* **Task instructions**
The listing below holds pictures; exclude them. Return exactly the lines from the one with "Monumental wrought brass wire pendant" through the one with "Postal Code N3T".
** Input records follows **
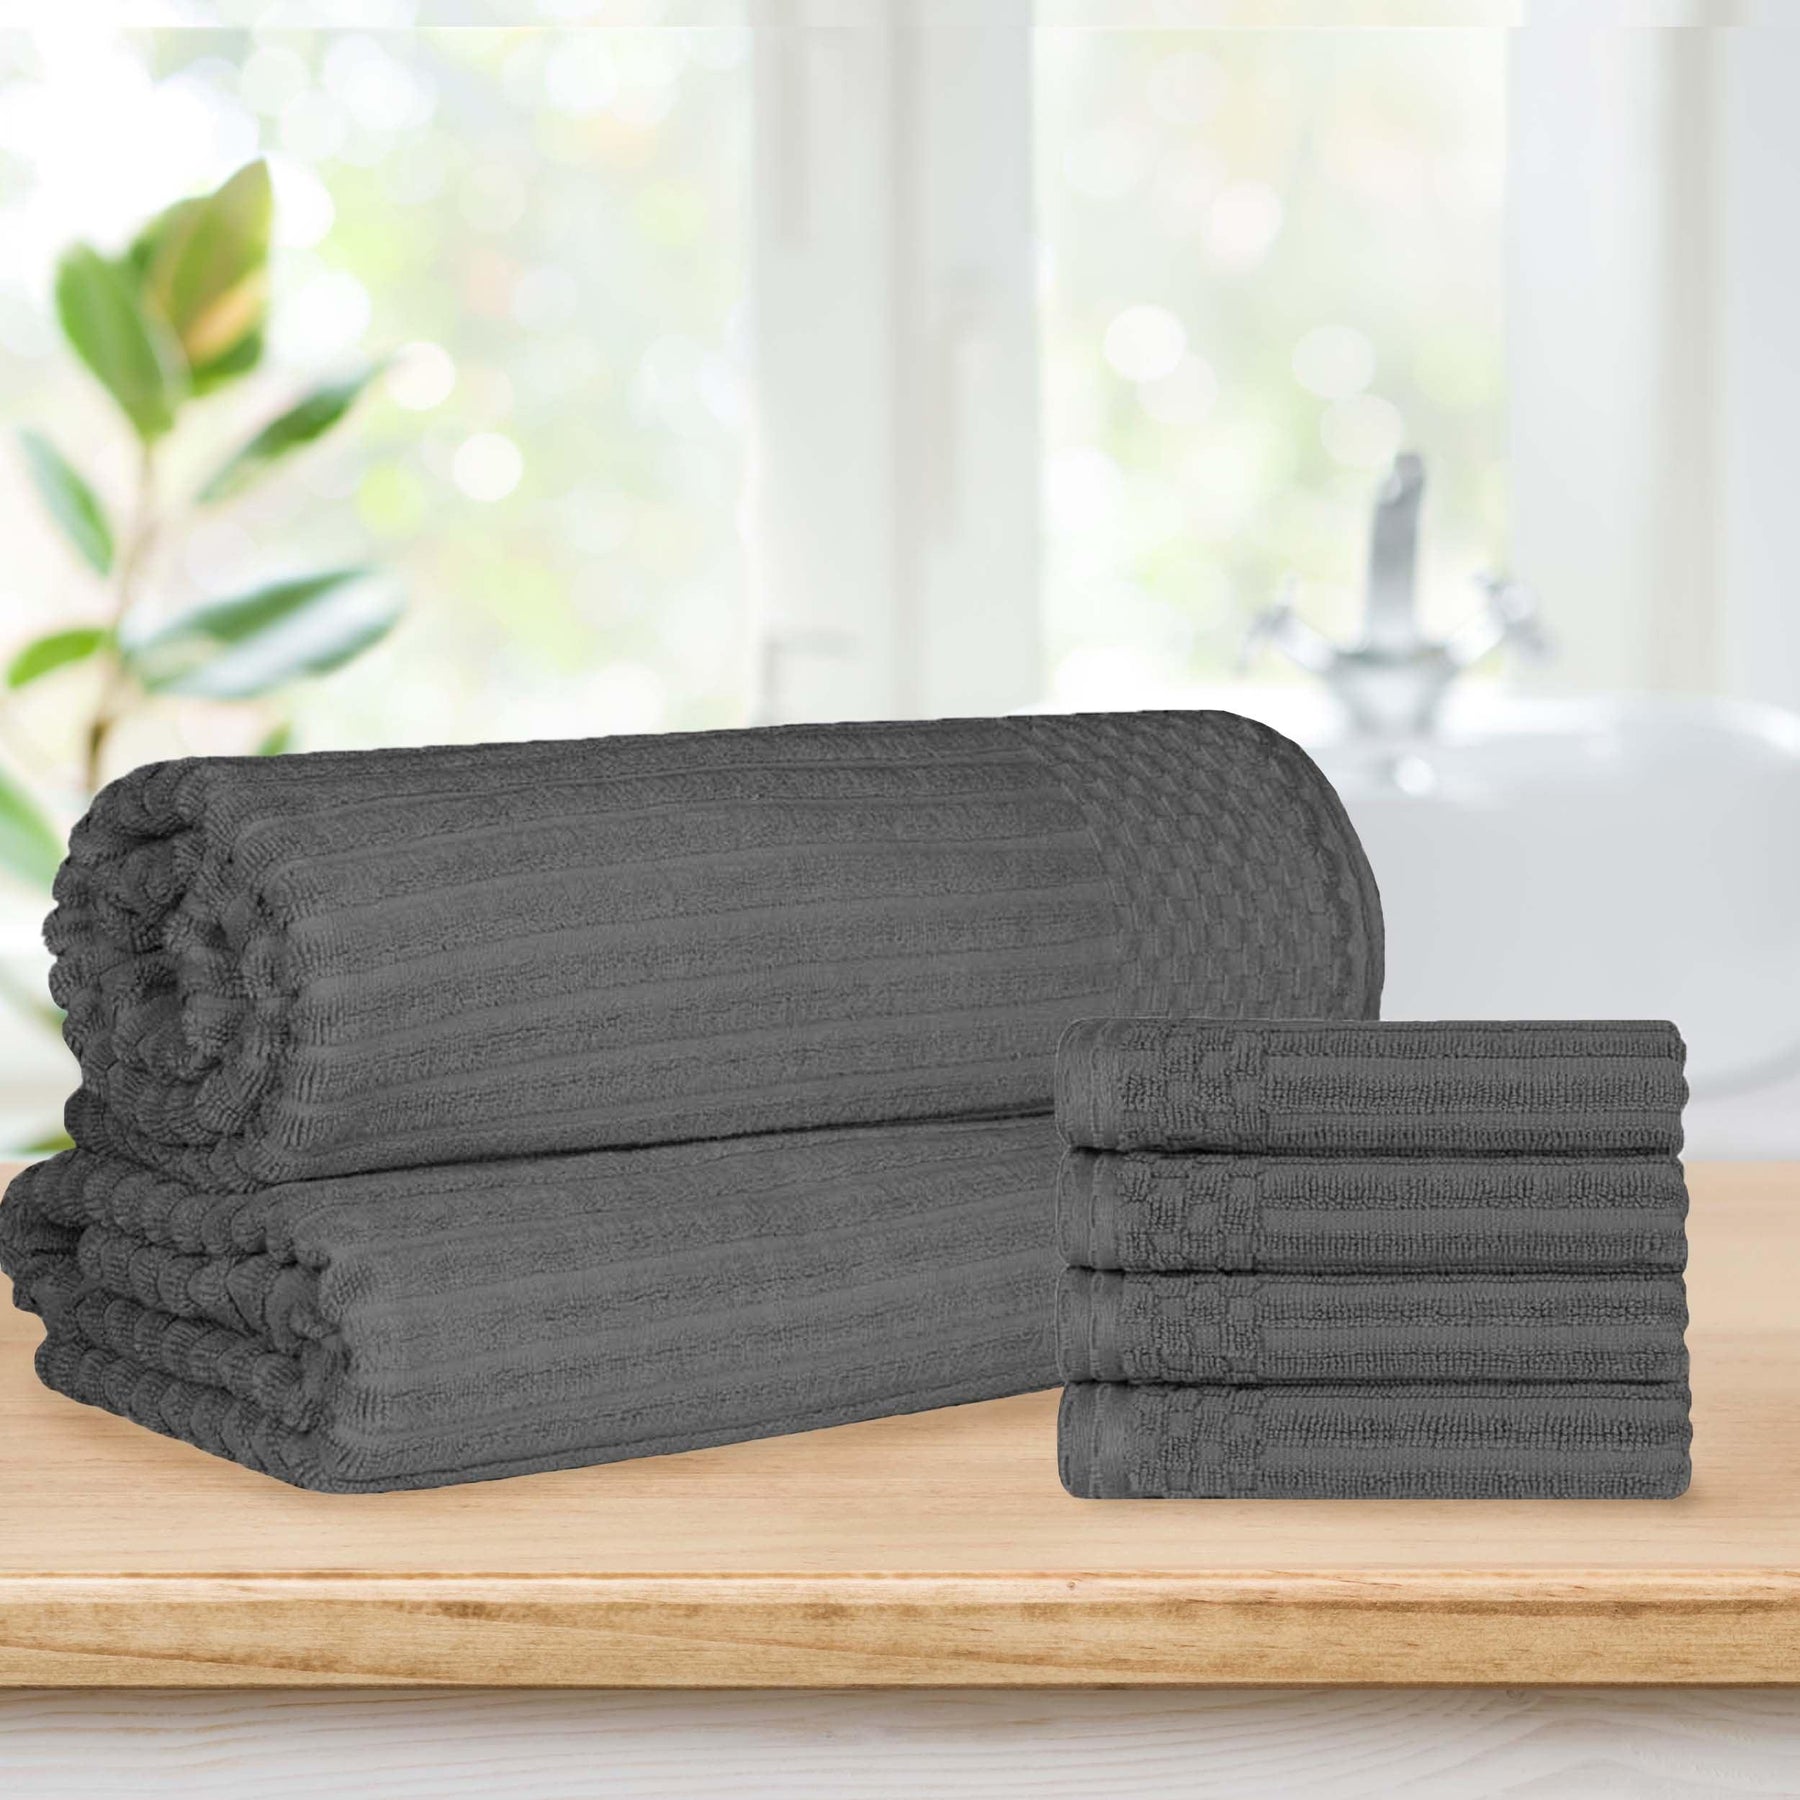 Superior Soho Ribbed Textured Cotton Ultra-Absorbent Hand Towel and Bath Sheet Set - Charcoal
** End of Input records **
** Input records follows **
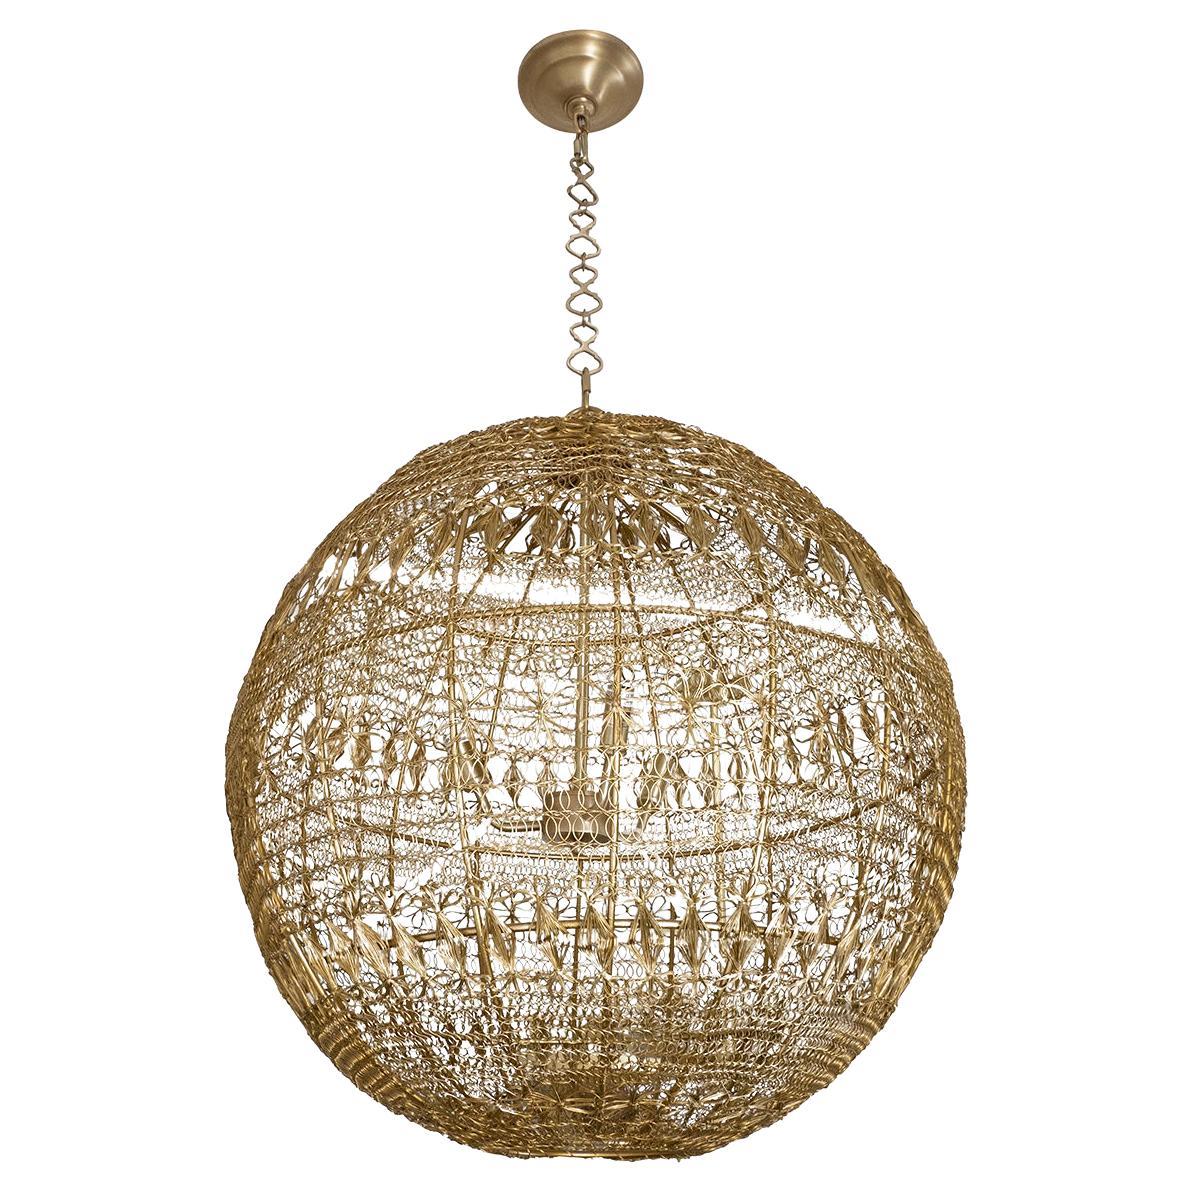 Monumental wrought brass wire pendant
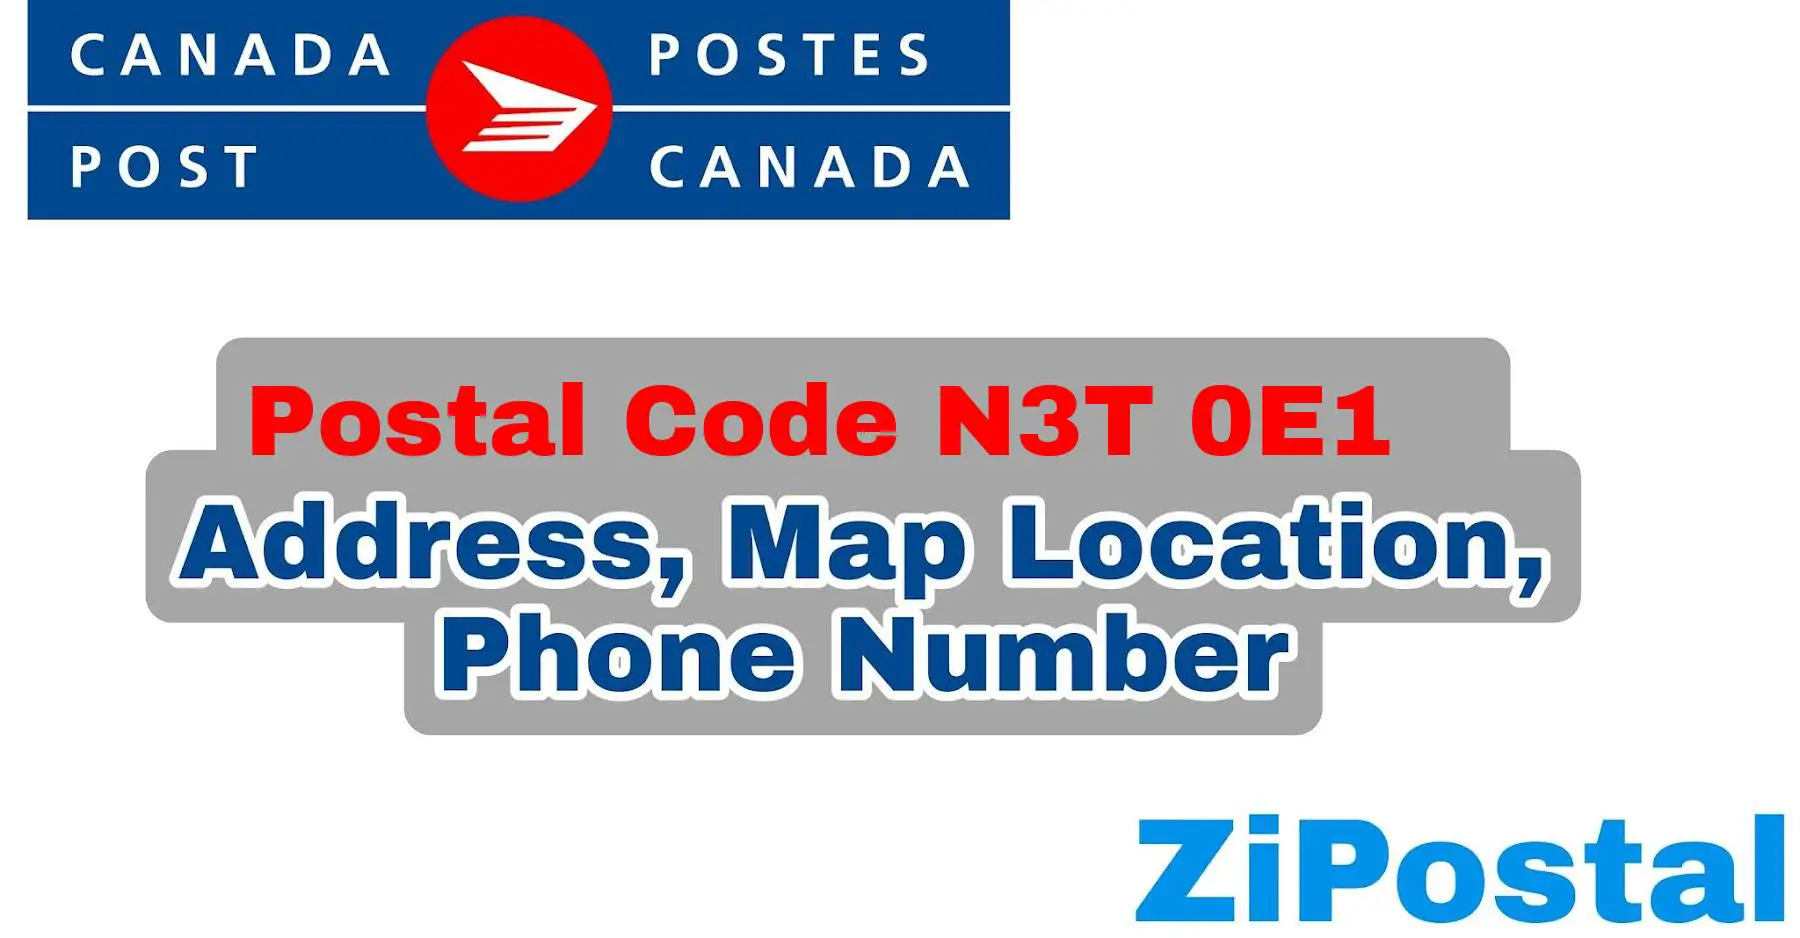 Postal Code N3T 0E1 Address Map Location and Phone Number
** End of Input records **
* **Task solution**
 Monumental wrought brass wire pendant
 Postal Code N3T 0E1 Address Map Location and Phone Number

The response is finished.